What to do: Since the listing below shows pictures, leave them out and write out exactly the lines from the line with "January February 2019" to the line with "Pin By Stan", both included, and no others.

Records for this task:
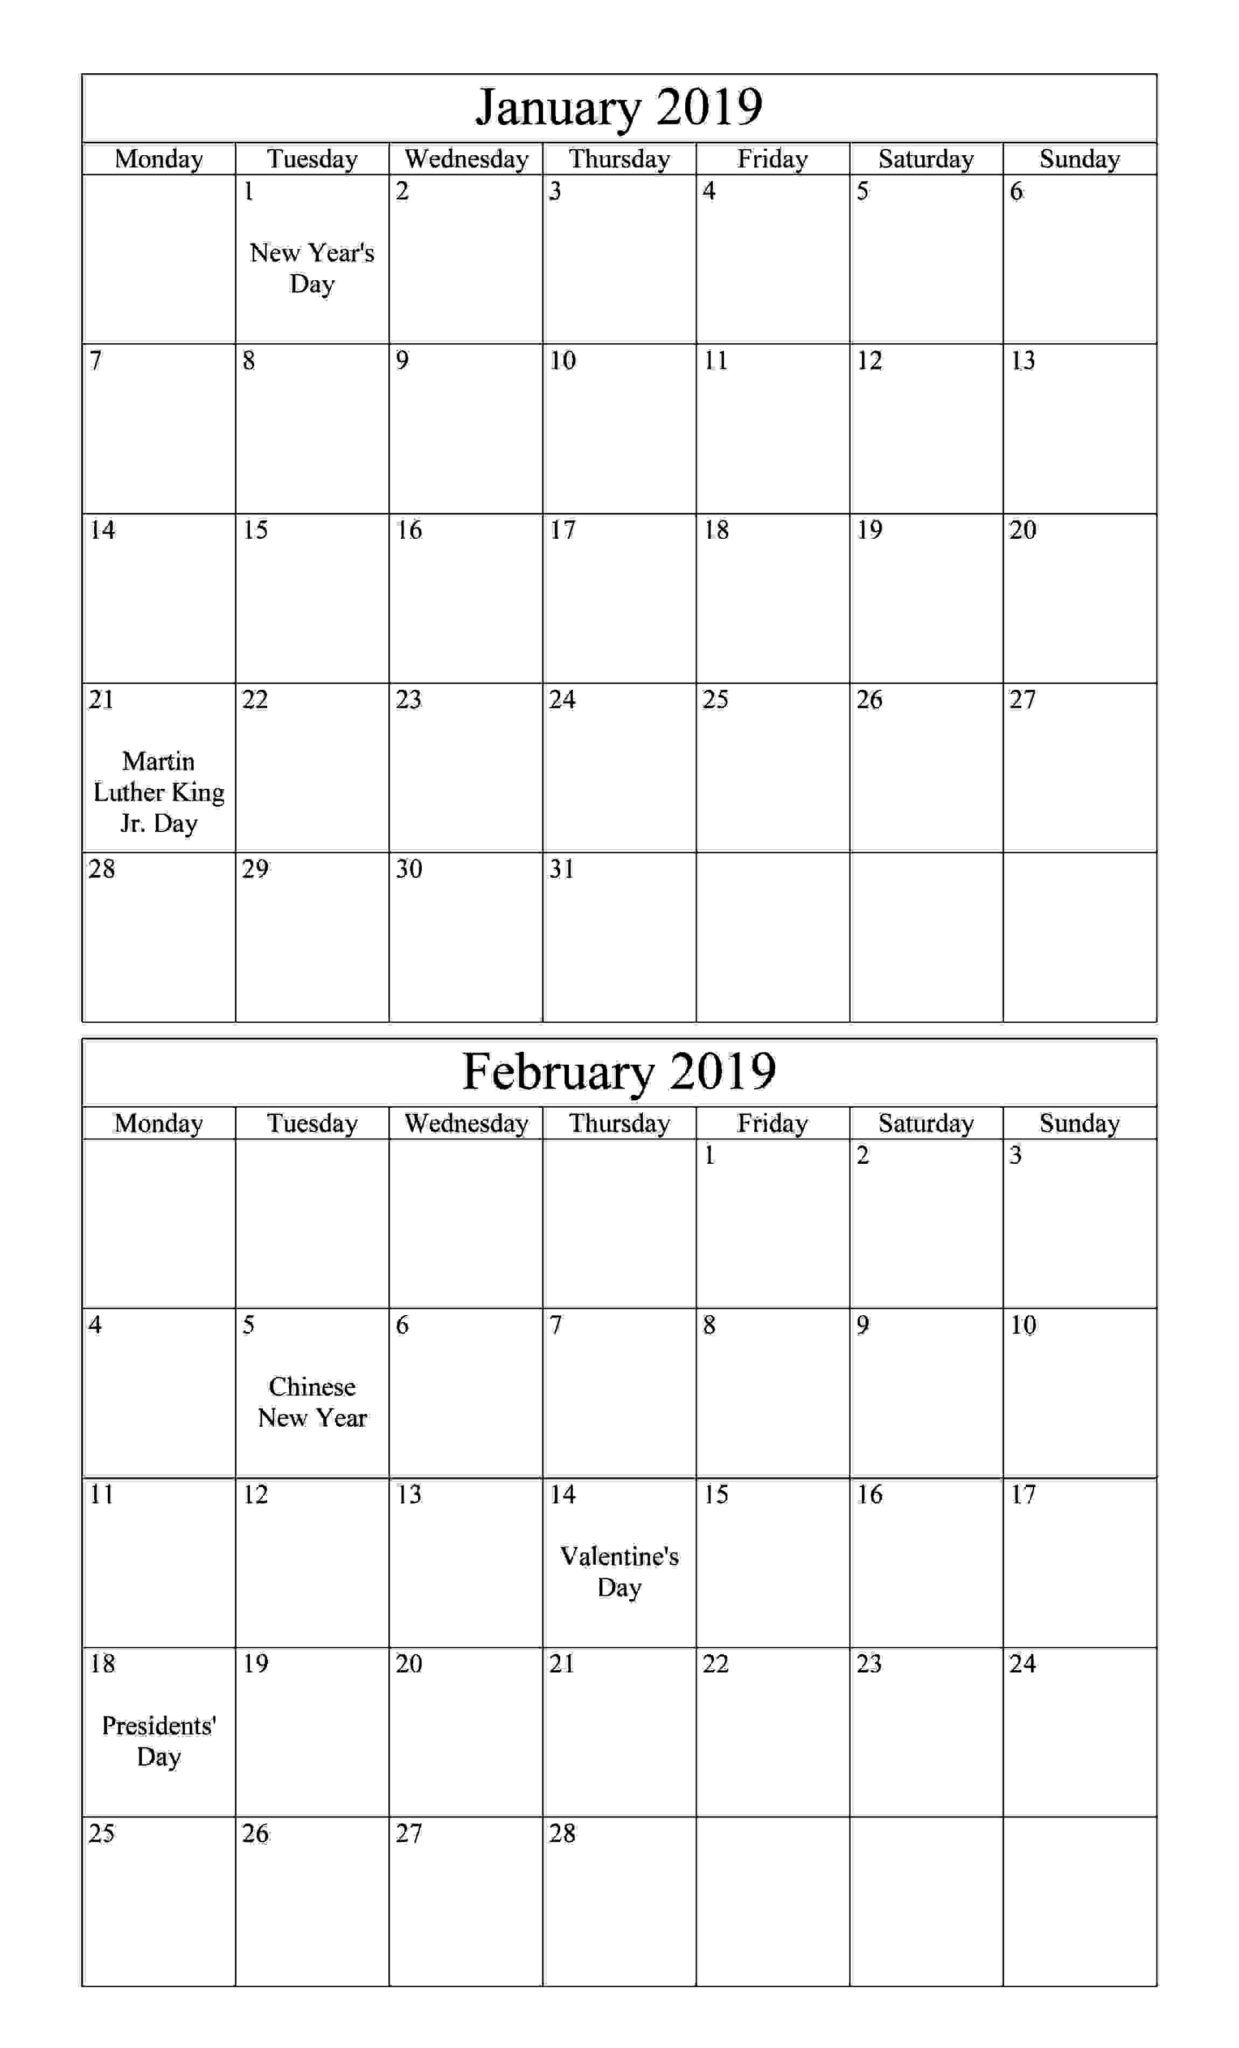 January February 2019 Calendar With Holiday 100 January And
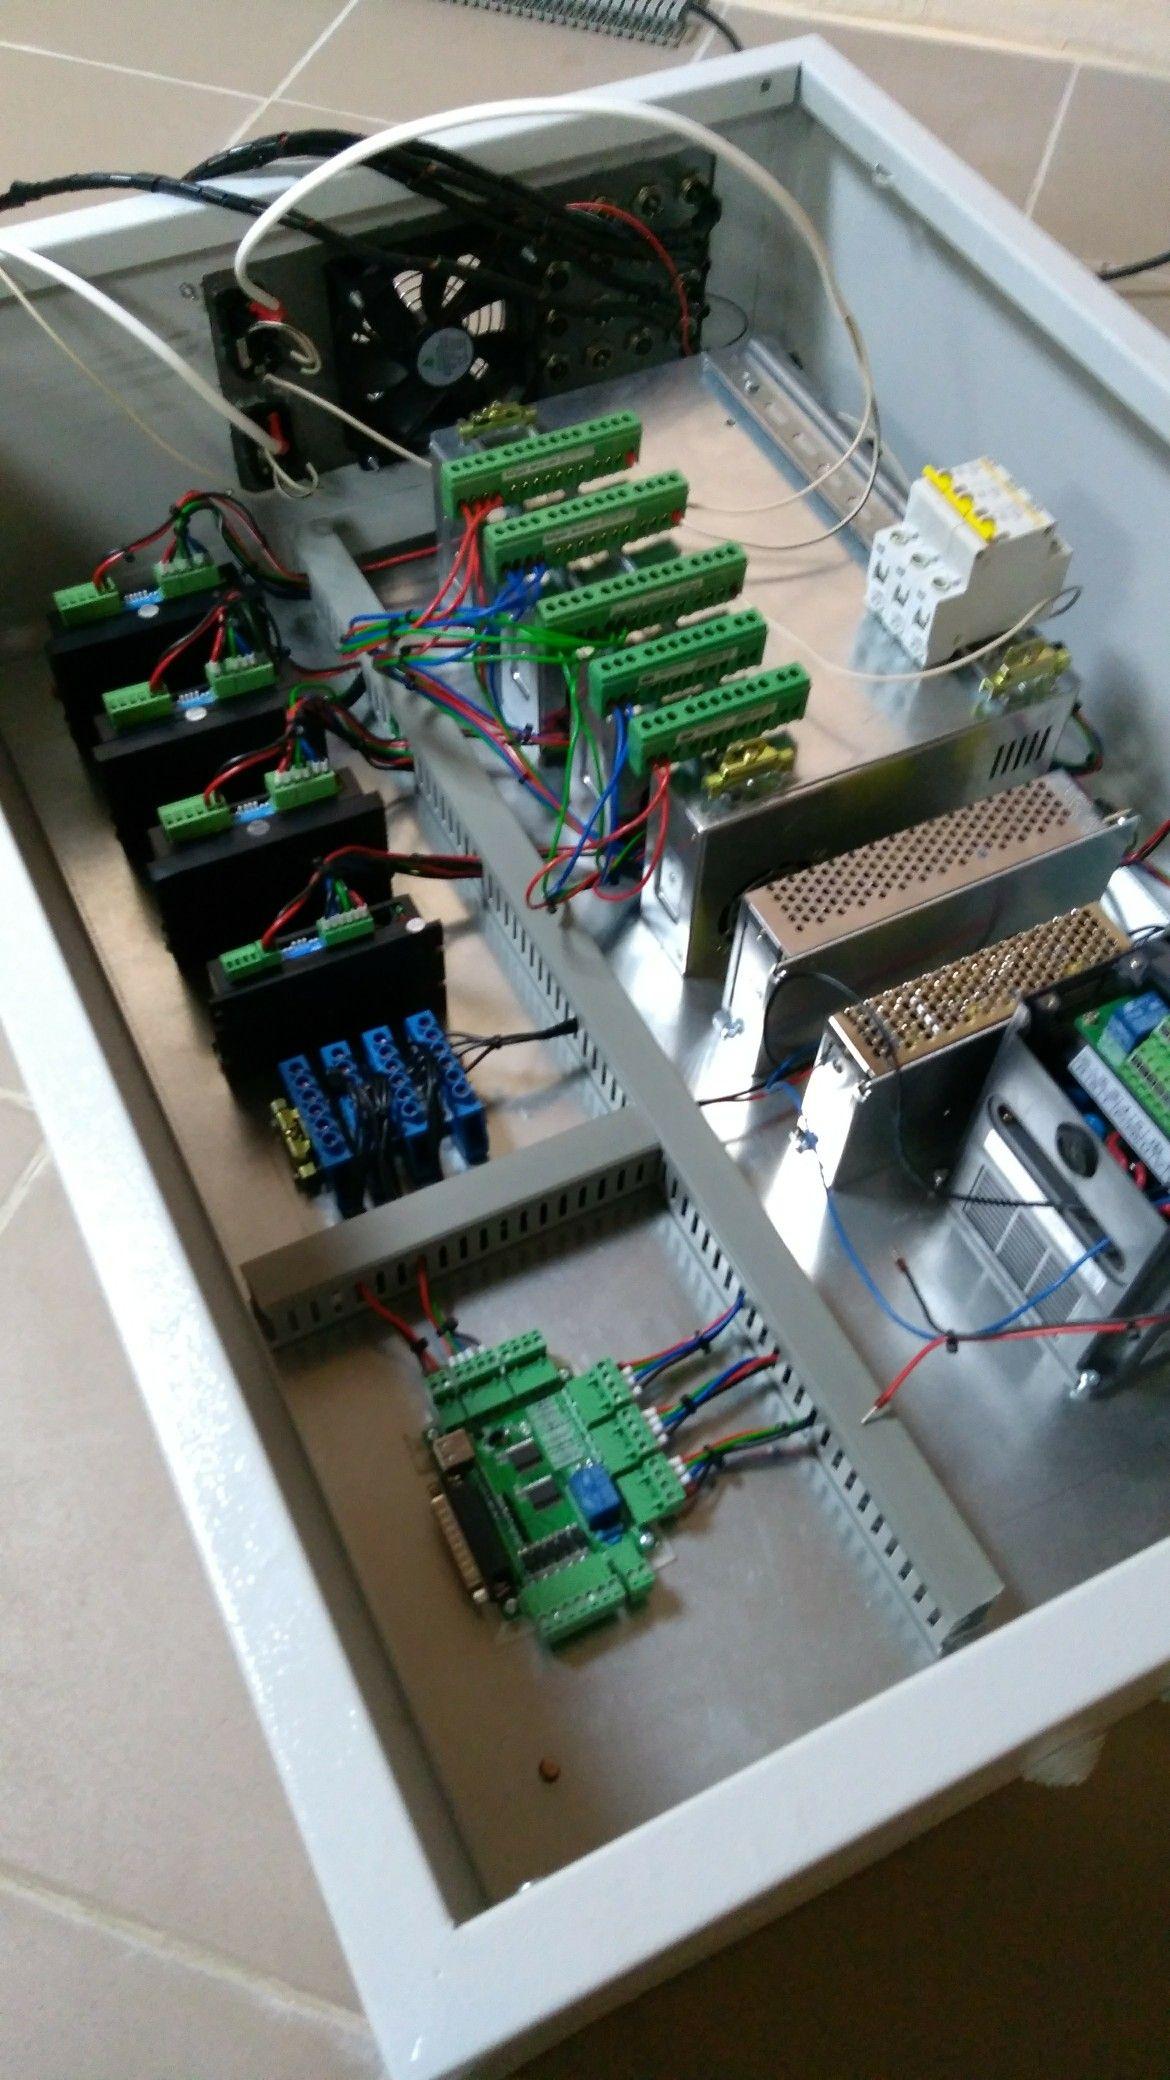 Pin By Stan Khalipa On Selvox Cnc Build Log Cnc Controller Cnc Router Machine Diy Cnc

...

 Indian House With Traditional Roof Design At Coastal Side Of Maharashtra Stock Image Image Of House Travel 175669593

---

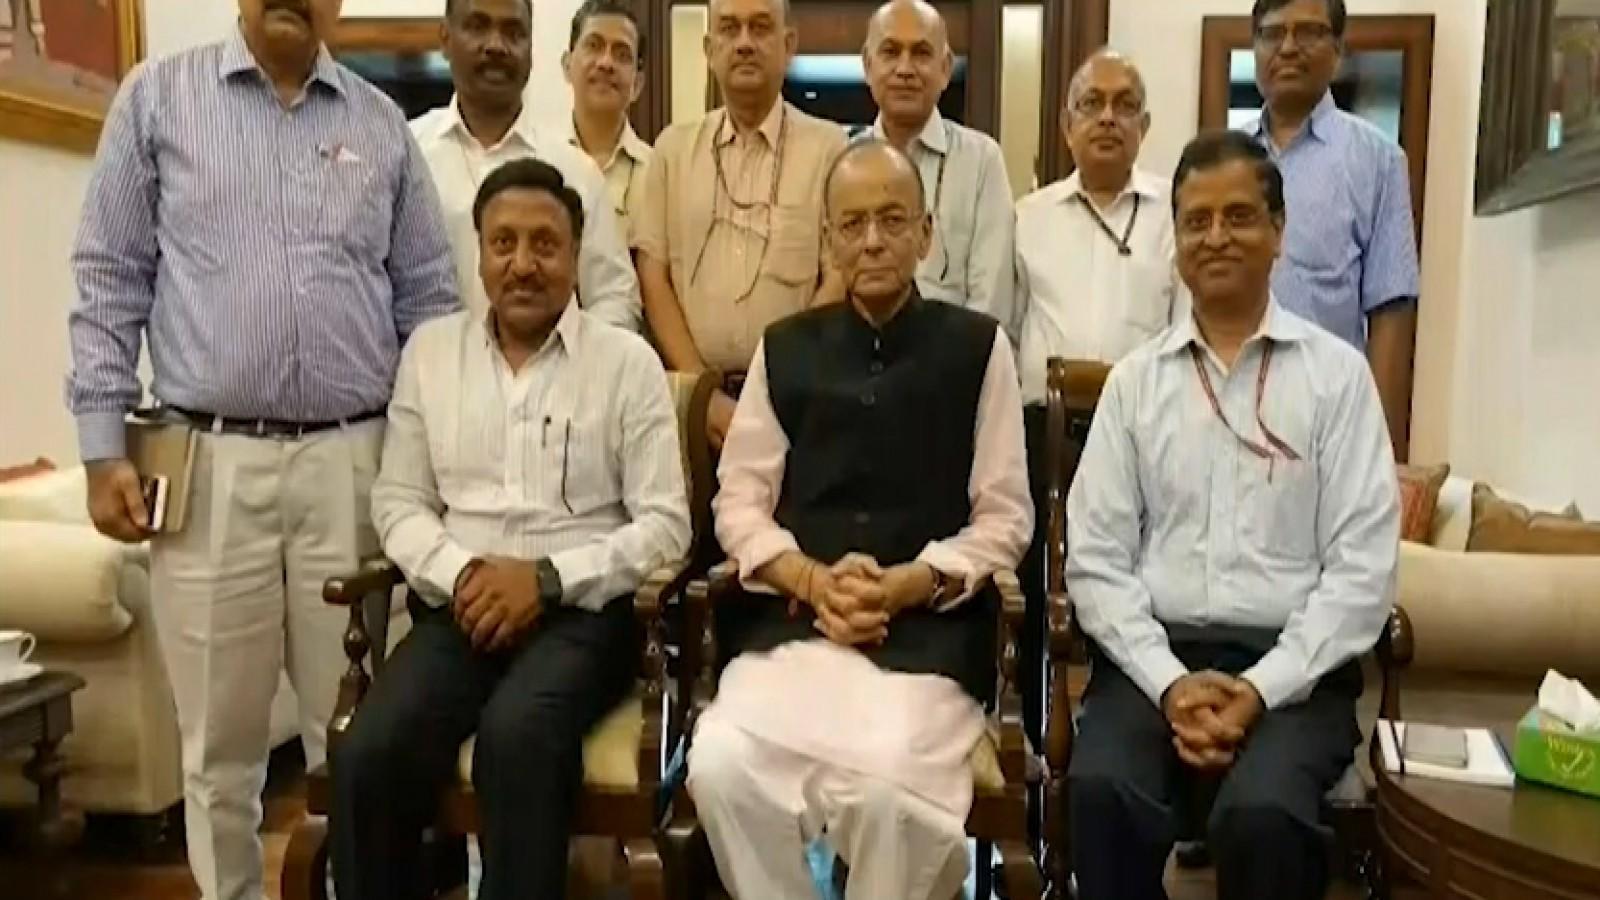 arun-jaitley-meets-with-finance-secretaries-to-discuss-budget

Result of the task:
 January February 2019 Calendar With Holiday 100 January And
 Pin By Stan Khalipa On Selvox Cnc Build Log Cnc Controller Cnc Router Machine Diy Cnc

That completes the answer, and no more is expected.